- _What this task involves_:
Some entries follow. Reproduce exactly the lines starting at the one with "Funky Friends Factory" and stopping after the one with "Schwäbische Glasmalerei .".

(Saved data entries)

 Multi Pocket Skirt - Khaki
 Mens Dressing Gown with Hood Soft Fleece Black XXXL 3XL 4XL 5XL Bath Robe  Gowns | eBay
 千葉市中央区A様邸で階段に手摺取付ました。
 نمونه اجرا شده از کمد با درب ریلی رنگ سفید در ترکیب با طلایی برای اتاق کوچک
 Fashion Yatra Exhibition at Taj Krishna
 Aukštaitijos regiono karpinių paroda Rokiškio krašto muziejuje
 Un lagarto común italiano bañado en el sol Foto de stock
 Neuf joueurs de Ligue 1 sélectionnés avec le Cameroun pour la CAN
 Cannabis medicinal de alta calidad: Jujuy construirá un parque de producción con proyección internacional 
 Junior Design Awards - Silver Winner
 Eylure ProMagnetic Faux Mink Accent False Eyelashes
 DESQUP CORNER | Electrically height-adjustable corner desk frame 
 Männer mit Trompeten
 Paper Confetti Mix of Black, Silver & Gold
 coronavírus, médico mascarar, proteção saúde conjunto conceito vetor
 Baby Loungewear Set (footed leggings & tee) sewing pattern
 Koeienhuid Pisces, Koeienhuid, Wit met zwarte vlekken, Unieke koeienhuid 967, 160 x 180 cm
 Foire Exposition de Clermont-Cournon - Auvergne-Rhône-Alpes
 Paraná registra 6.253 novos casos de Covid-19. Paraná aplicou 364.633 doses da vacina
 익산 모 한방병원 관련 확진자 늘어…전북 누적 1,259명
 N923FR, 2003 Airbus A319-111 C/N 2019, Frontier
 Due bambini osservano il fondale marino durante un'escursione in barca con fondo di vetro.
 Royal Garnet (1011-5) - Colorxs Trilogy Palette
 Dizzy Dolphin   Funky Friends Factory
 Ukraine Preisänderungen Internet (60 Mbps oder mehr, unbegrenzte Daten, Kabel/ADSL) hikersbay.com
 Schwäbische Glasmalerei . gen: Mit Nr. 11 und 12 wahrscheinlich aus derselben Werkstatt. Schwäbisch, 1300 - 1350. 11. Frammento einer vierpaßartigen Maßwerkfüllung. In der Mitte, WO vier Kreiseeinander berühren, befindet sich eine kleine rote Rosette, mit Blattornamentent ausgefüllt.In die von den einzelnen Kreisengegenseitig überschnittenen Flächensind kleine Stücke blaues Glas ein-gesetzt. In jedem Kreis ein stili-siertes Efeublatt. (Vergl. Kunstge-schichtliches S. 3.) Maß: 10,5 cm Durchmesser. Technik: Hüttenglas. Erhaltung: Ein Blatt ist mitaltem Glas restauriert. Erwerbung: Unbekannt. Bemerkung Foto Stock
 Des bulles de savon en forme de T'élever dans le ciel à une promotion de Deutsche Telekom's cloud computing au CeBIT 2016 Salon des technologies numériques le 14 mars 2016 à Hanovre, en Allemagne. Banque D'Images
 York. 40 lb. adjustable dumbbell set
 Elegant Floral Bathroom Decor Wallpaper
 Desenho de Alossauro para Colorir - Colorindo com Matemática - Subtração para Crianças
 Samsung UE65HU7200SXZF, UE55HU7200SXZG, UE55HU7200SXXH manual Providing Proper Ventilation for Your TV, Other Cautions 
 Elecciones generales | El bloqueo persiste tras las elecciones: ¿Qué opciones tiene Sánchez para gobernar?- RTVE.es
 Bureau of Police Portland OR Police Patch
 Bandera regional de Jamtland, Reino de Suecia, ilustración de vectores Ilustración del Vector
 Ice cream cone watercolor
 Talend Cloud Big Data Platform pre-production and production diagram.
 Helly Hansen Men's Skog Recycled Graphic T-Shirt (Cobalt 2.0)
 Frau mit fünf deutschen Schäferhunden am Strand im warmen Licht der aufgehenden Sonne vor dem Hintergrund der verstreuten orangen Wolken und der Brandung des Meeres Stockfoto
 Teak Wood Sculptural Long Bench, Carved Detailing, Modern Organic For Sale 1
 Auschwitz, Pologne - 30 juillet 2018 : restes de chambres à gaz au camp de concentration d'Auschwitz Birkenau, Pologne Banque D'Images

- _Final answer_:
 Dizzy Dolphin   Funky Friends Factory
 Ukraine Preisänderungen Internet (60 Mbps oder mehr, unbegrenzte Daten, Kabel/ADSL) hikersbay.com
 Schwäbische Glasmalerei . gen: Mit Nr. 11 und 12 wahrscheinlich aus derselben Werkstatt. Schwäbisch, 1300 - 1350. 11. Frammento einer vierpaßartigen Maßwerkfüllung. In der Mitte, WO vier Kreiseeinander berühren, befindet sich eine kleine rote Rosette, mit Blattornamentent ausgefüllt.In die von den einzelnen Kreisengegenseitig überschnittenen Flächensind kleine Stücke blaues Glas ein-gesetzt. In jedem Kreis ein stili-siertes Efeublatt. (Vergl. Kunstge-schichtliches S. 3.) Maß: 10,5 cm Durchmesser. Technik: Hüttenglas. Erhaltung: Ein Blatt ist mitaltem Glas restauriert. Erwerbung: Unbekannt. Bemerkung Foto Stock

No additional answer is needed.